しかし、ニゼルが「予定していたイリナとの結婚式やめ、彼女と行う。そして第一王妃にしたい」と言った瞬間これまで静かに客人たちの中に紛れていたイリナが声を上げたのだ。
「イリナ、今なんと?」
「ですから、私との婚約を破棄していただくと申し上げたのです」
イリナは、婚約者のニゼルに向かって微笑みニゼルに寄り添うエメルドを見つめる。異国から来た少女は、ふるふると震える兎に見せかけてはいるがその瞳は輝き、期待と異様な熱を帯びている。

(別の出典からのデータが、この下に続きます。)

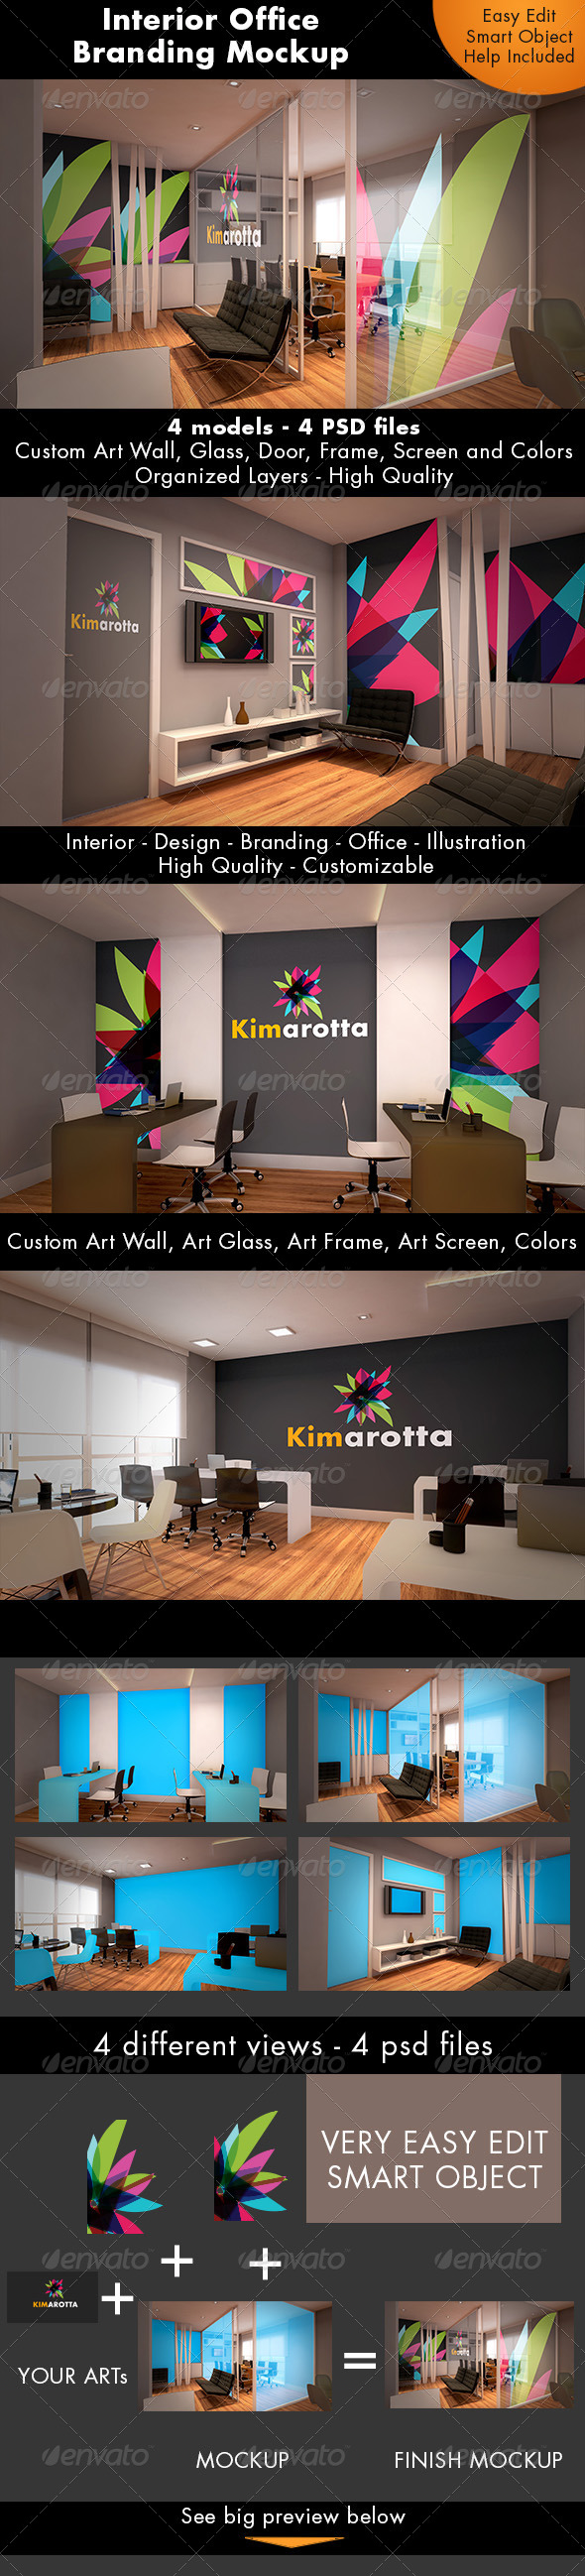 GraphicRiver Interior Office Branding Mockup 7352993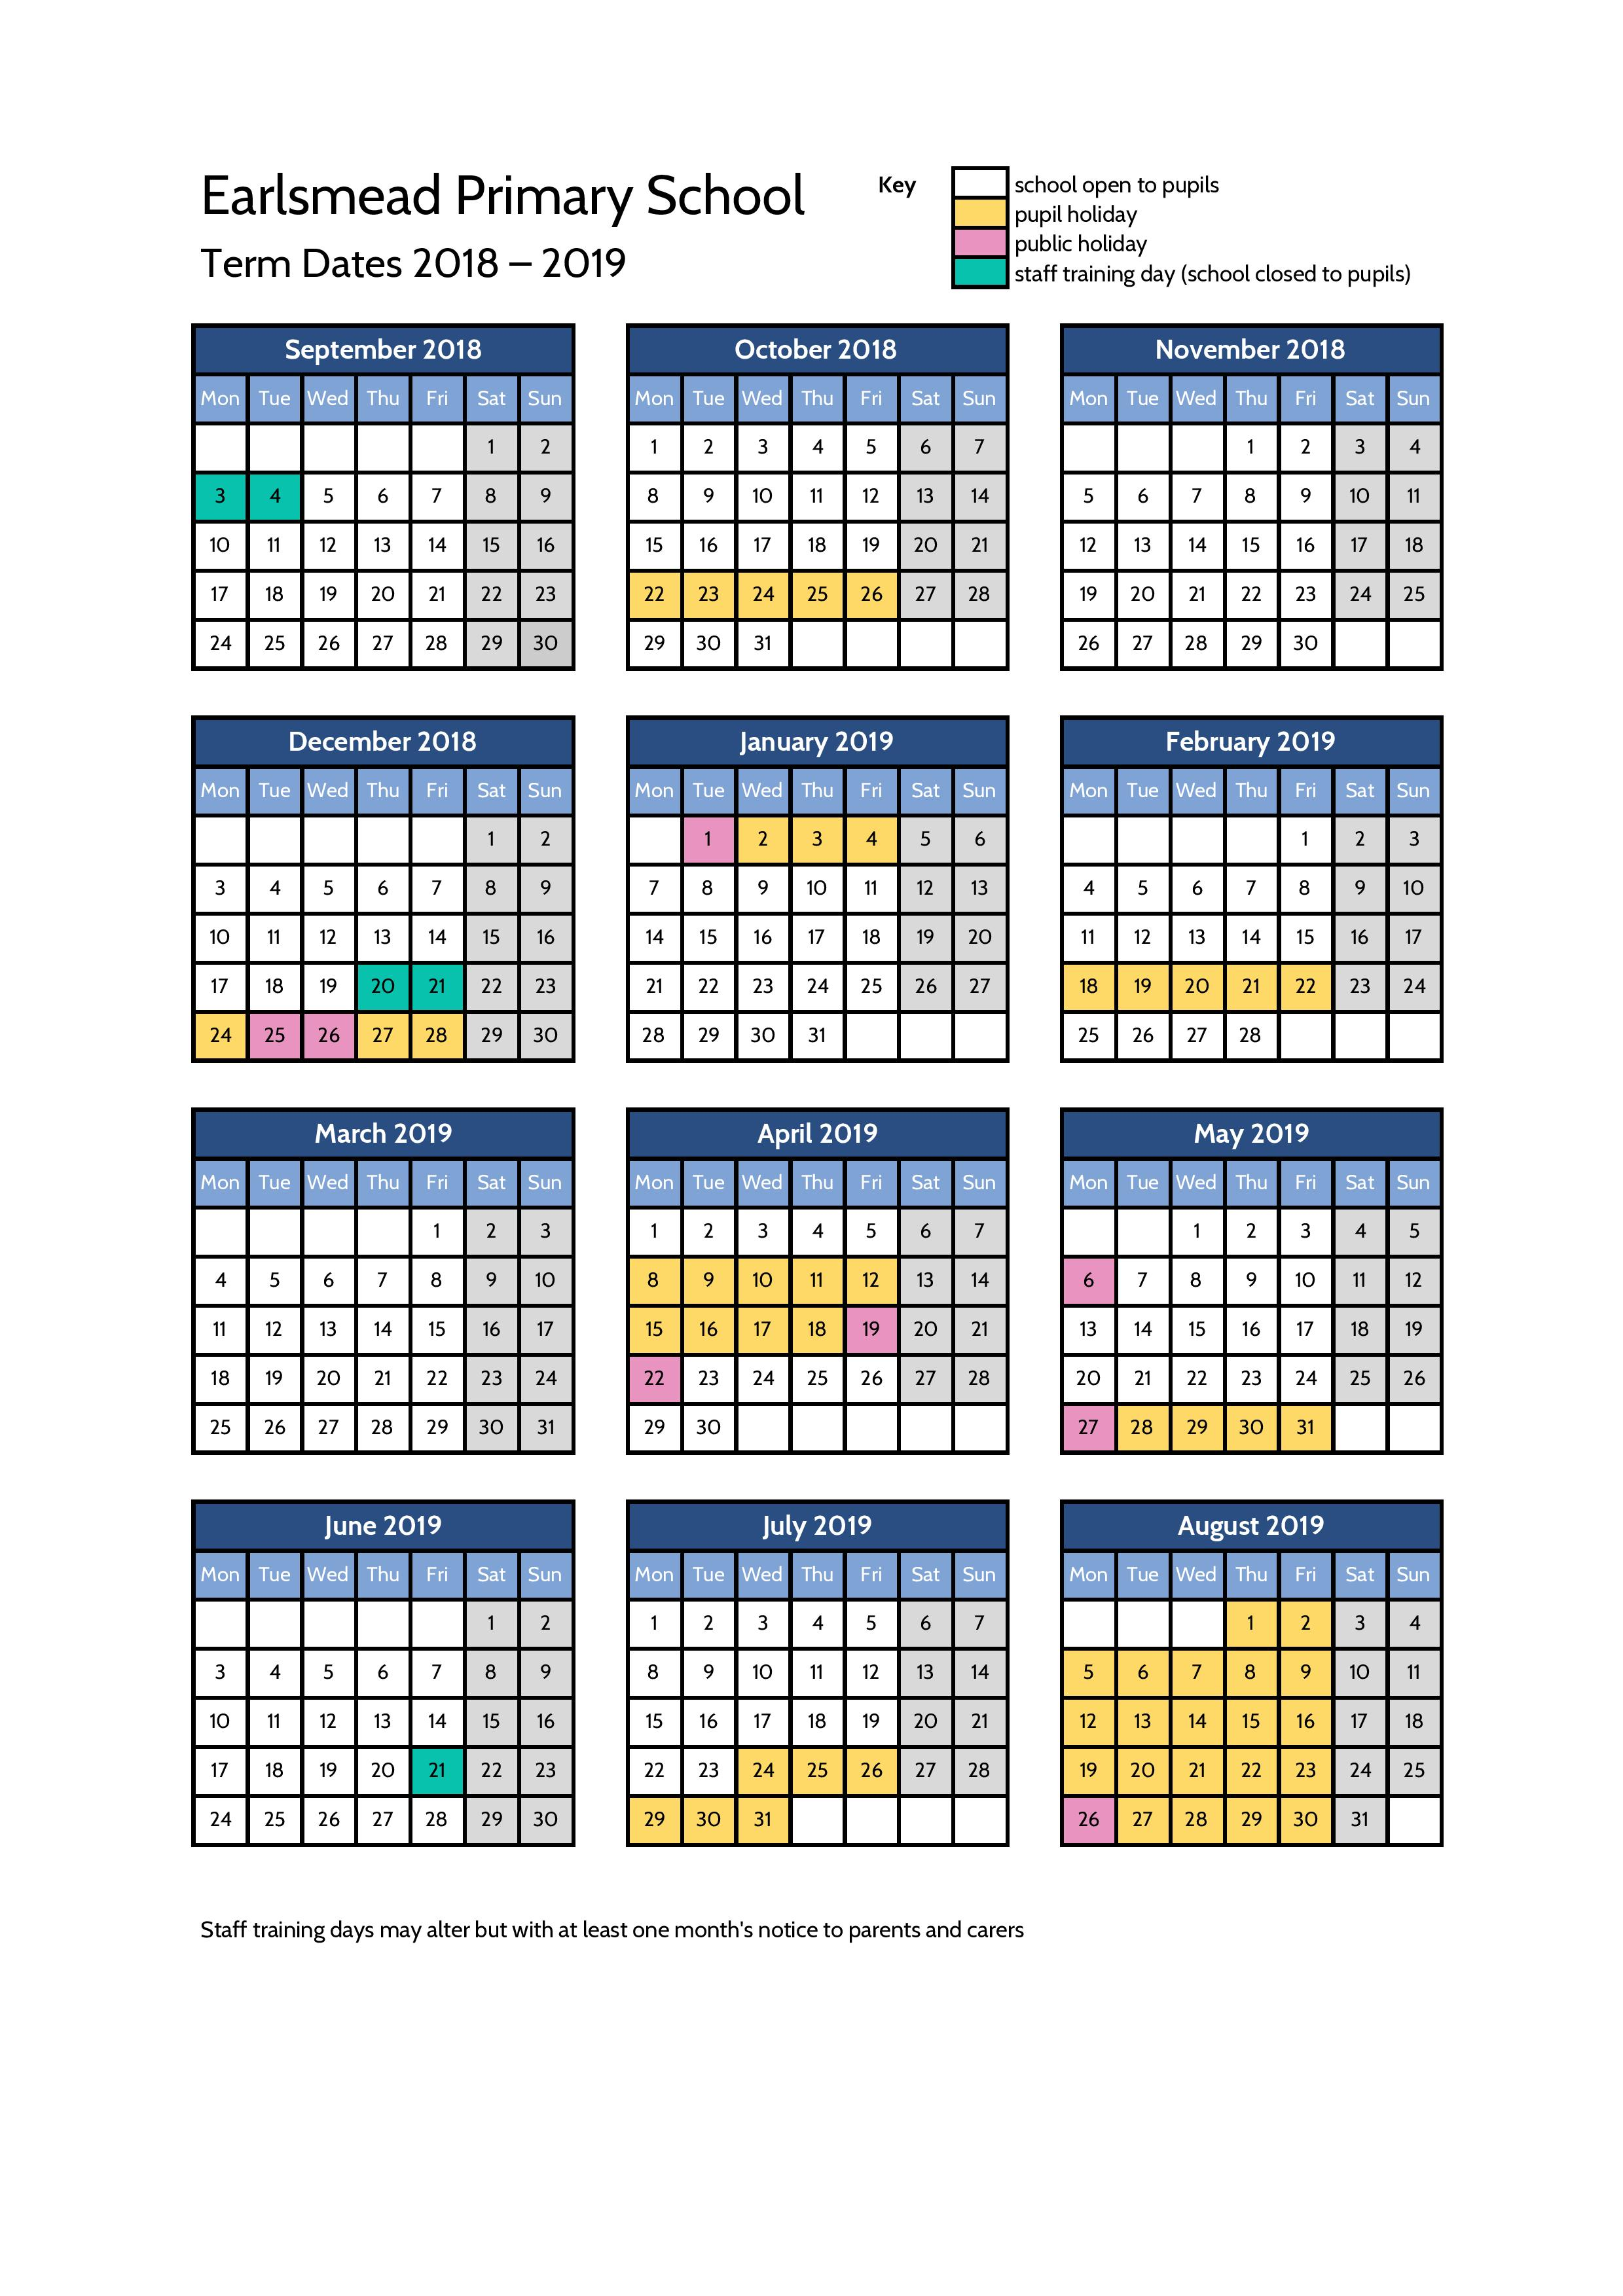 Earlsmead School Term Dates 2018-19 - Term Dates-page-001.jpg

ニゼルはどうやらとんでもないものに心を奪われてしまったようである。
そっと息をつくと、ハッキリとした口調でイリナは告げた。
「私は、あなたの婚約者として、あなたの唯一の妻となるべく育てられてきました。しかし、それがもう叶うことがないのであれば、貴方の妻の座はエメルドさんにお譲りしますわ」
「ふん、お前の気持ちもその程度か。まあいい、本当にわたしの妻になれなくてもいいんだな。」
「ええ、構いません」
念を押すように問う二ゼルに扇で口許を隠しながら答える。
これに反対したのは以外にも彼の母、王妃マリアであった。
「なりません‼二ゼル考えを改めるのです。貴方はイリナさんと結婚することが決まっているんですよ。それを………」
ニゼルの言葉を遮る王妃マリア。彼女の顔からは焦りが見える。
しかし、それをサフィロス王がそれを止めた。
「ニゼルが決めたことだ。諦めなさい」
思わぬ援護射撃に喜びを隠せないニゼルはその場で隣にいるエメルドの手を取り、広間で傍観していた貴族たちに宣言する。
「今日から私の婚約者となったエメルド・ベリルだ!皆、仲良くしてくれ」
貴族たちは、首肯し我先にと二人のもとへ向かう。
幸せそうな顔を浮かべる二人を見たイリナはそっとその場を離れた。